The year after BERT, three major papers refined the recipe — addressing under-training, parameter inefficiency, and the inefficient MLM objective. RoBERTa is the most widely adopted; ELECTRA introduced the most theoretically interesting alternative; ALBERT compressed BERT to ~1/10 the parameters. Together they marked the transition from "BERT works" to "BERT is mature engineering".

RoBERTa — train BERT properly

RoBERTa: A Robustly Optimized BERT Pretraining Approach (Liu, Ott et al., 2019) showed that BERT was massively under-trained and made several recipe changes that lifted GLUE scores by ~5 points without changing the architecture:

  • Drop NSP — Next Sentence Prediction adds nothing useful.
  • Larger batches, longer training — 8K-token batches for 500K steps; 10× the original BERT compute budget.
  • Dynamic masking — generate fresh masks each epoch instead of pre-computing them once. Same architecture, more efficient sample usage.
  • Larger corpus — 160 GB combining BooksCorpus, Wikipedia, CC-News, OpenWebText, Stories.
  • No [CLS] / [SEP] quirks — clean text input.

The lesson is methodological: scaling laws were not yet articulated, but RoBERTa is essentially BERT with the Chinchilla-style "train longer on more data" recipe applied avant la lettre. RoBERTa-base became the de-facto fine-tuning starting point throughout 2019–2021, replacing the original BERT-base.

ALBERT — parameter-sharing for compression

ALBERT: A Lite BERT for Self-supervised Learning of Language Representations (Lan et al., ICLR 2020) cut BERT's parameter count by ~10× while matching or exceeding its accuracy. Three changes:

  • Factorised embedding — separate the input embedding dimension from the hidden dimension, reducing the embedding matrix from V×H to V×E+E×H for EH.
  • Cross-layer parameter sharing — share the same Transformer block across all L layers. Memory drops from L×block to 1×block, with surprisingly little quality loss.
  • Sentence-Order Prediction replaces NSP with a harder coherence task — predict whether two consecutive sentences are in the original order or swapped.

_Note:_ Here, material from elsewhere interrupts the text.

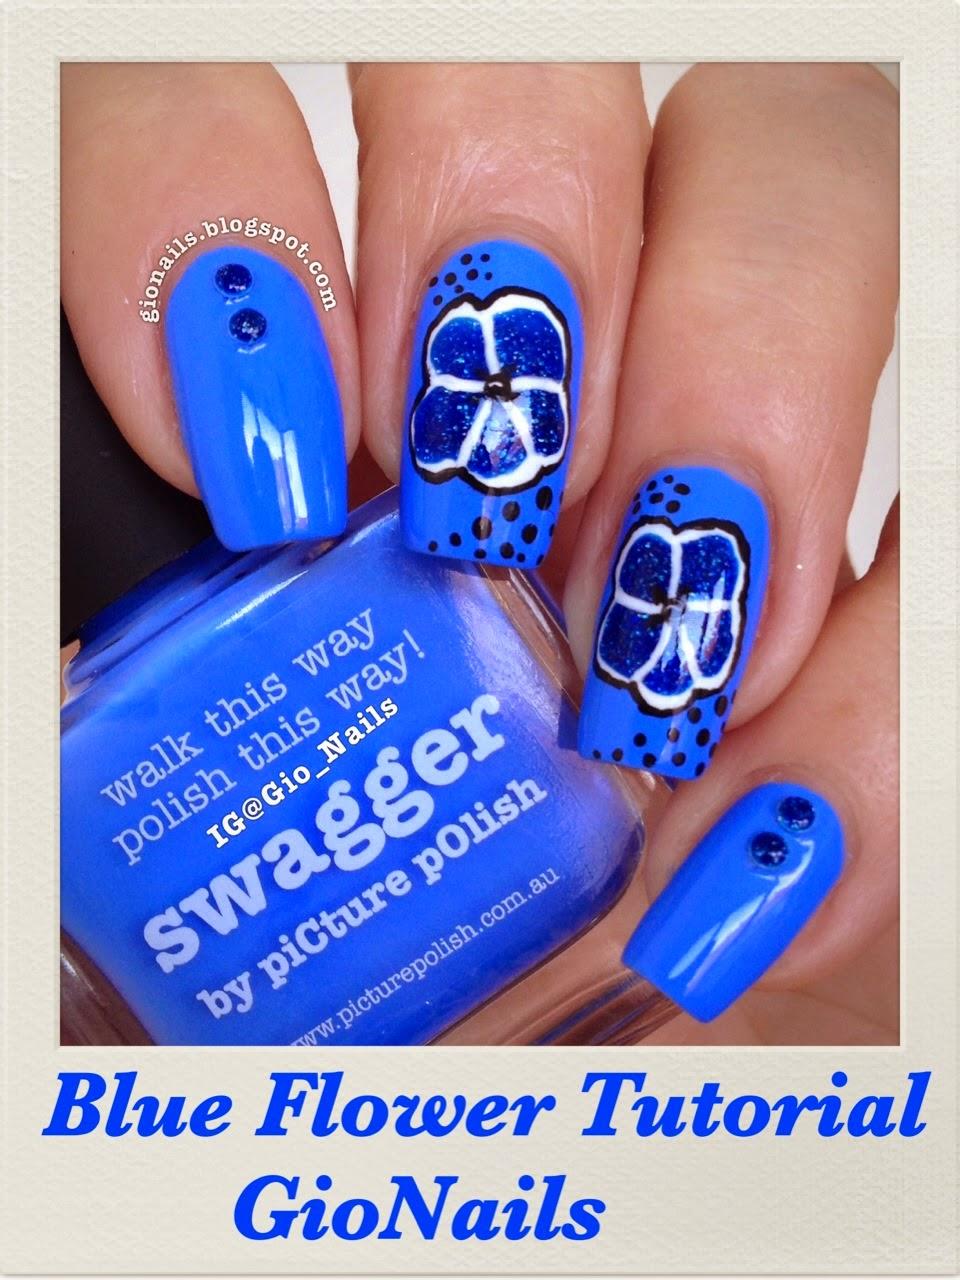 http://gionails.blogspot.be/2014/06/blue-flower-tutorial.html
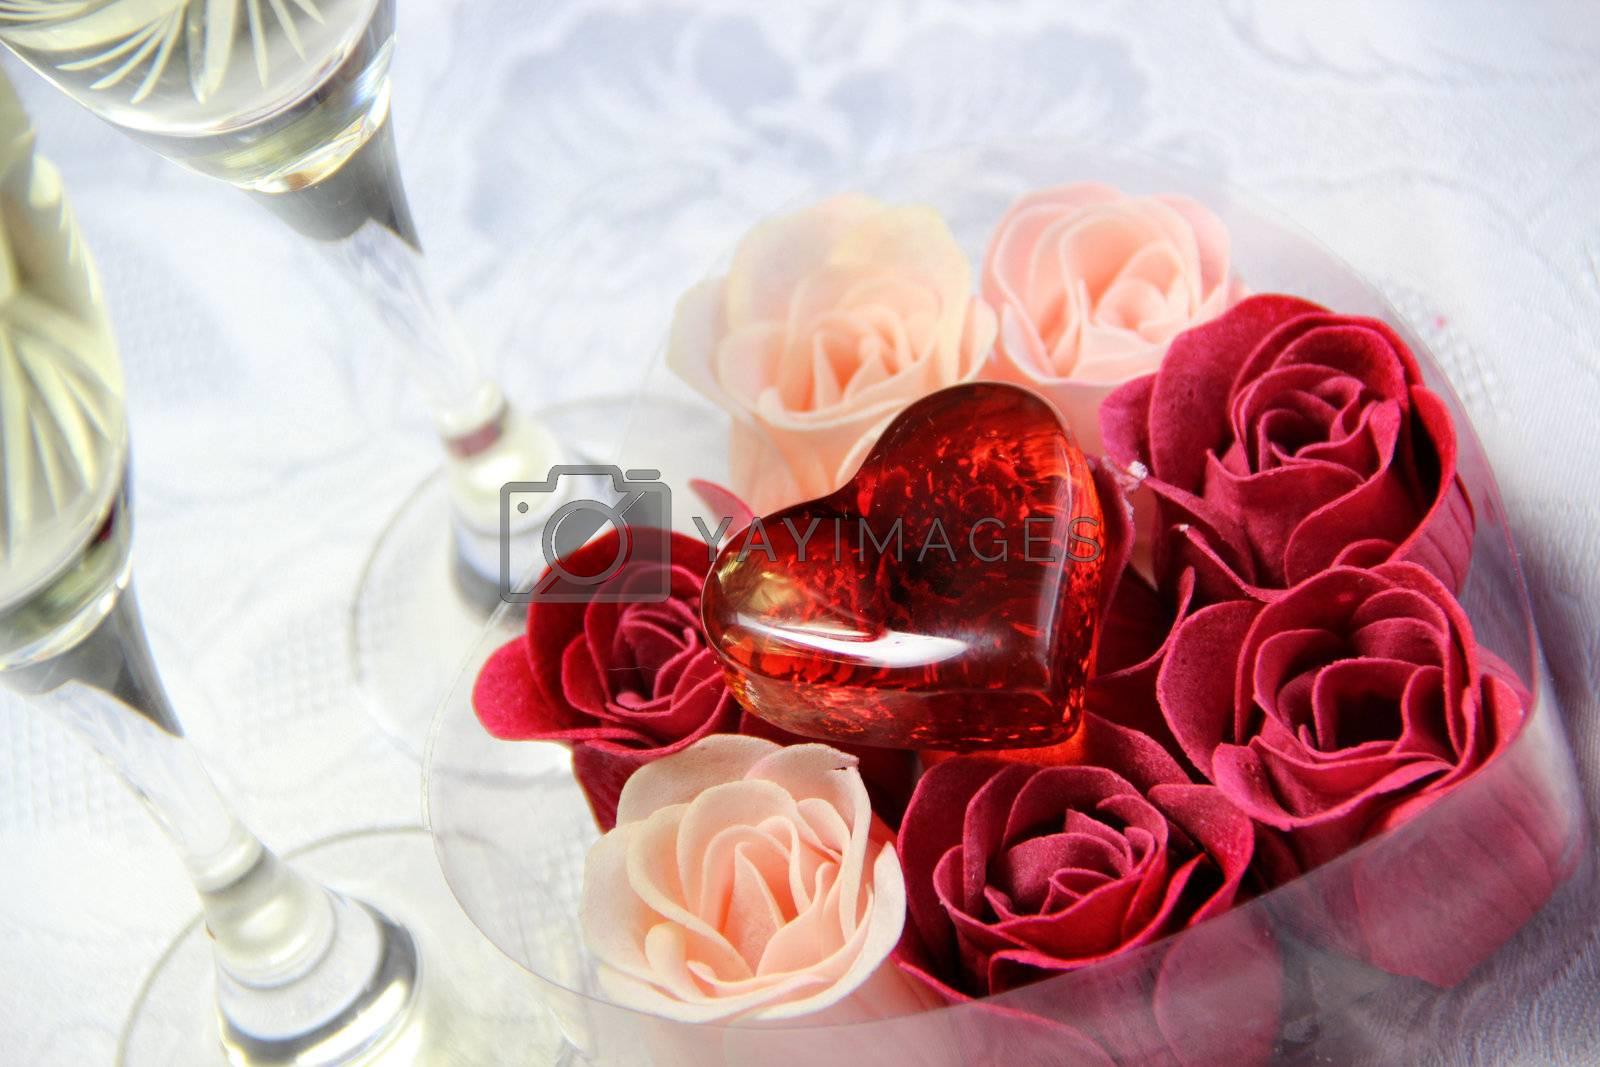 Wedding and Valentine's Day decoration

ALBERT-xxlarge has ~235M parameters but matches BERT-large (340M) — a compelling argument that BERT is over-parameterised. Cross-layer sharing made ALBERT slow at inference (you still run L forward passes), so it lost popularity after RoBERTa, but the parameter-sharing idea recurred in later work.

ELECTRA — replaced-token detection

ELECTRA: Pre-training Text Encoders as Discriminators Rather Than Generators (Clark, Luong, Le, Manning, ICLR 2020) attacked BERT's most striking inefficiency: only ~15% of tokens contribute to the loss per batch.

The setup:

  • A small generator (a tiny MLM, BERT-style) replaces 15% of tokens with plausible alternatives.
  • A larger discriminator is trained to predict, for every token, whether it is original or replaced.

The discriminator's loss covers 100% of tokens, not 15%. ELECTRA-base matches RoBERTa-large at a fraction of the compute, and ELECTRA-large set new GLUE SOTA at its release. The objective is structurally similar to GAN training but applied to representation learning.

ELECTRA didn't take over (RoBERTa's simpler recipe scaled better in practice), but the replaced-token detection objective remains theoretically attractive and has reappeared in modern pretraining variants.

What this era taught us

  • Scaling matters more than architectural cleverness. RoBERTa's "just train longer" beat clever architecture changes.
  • The pretraining objective matters in compute-limited regimes. ELECTRA's denser signal wins per-FLOP.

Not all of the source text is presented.